Gsxrfanim - were you fishing last Wednesday (10-17-12)???? 

Think I saw you unloading about the same time I was...........I had the Blue Nitro 288 Sport Fish/ski boat............


----------



## Gsxrfanim (Sep 28, 2009)

Yeah, I was fishing last Wednesday practicing for the Sunday tournament.
That is what I am telling my wife every time I go out, "I am practicing"
Because I am getting skunked.
I saw you, almost asked you how you like that fish n ski because thats what I was considering buying when I was looking.


----------



## clow (Oct 24, 2007)

Results now posted: http://www.ohiobass.org/centralbasin/


----------



## Skarfer (Jan 27, 2006)

LOVE my fish and ski! Absolutely love the full windshield too! Makes driving in the cold or rain much easier on the face.

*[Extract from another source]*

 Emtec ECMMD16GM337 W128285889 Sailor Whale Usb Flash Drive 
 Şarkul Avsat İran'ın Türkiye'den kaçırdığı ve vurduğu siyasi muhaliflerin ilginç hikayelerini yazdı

Plus I can still fish easily out of it, yet throw the wife/kids and inlaws in for the day and everybody is fine.............

My only bitch is I wish I had a 225 (which it's rated for) on her........only have a 150.


----------



## Gsxrfanim (Sep 28, 2009)

Hey SKarfer, did you have any luck that Wed that you were out?
Were you bass fishing?
Do you fish PLX very often?


----------



## Skarfer (Jan 27, 2006)

I caught a few - most in the lily pads, believe it or not! yes - bass fishing, that's all I do........

I fish PLX all the time - it's only 15 min from my house - straight up 93.


----------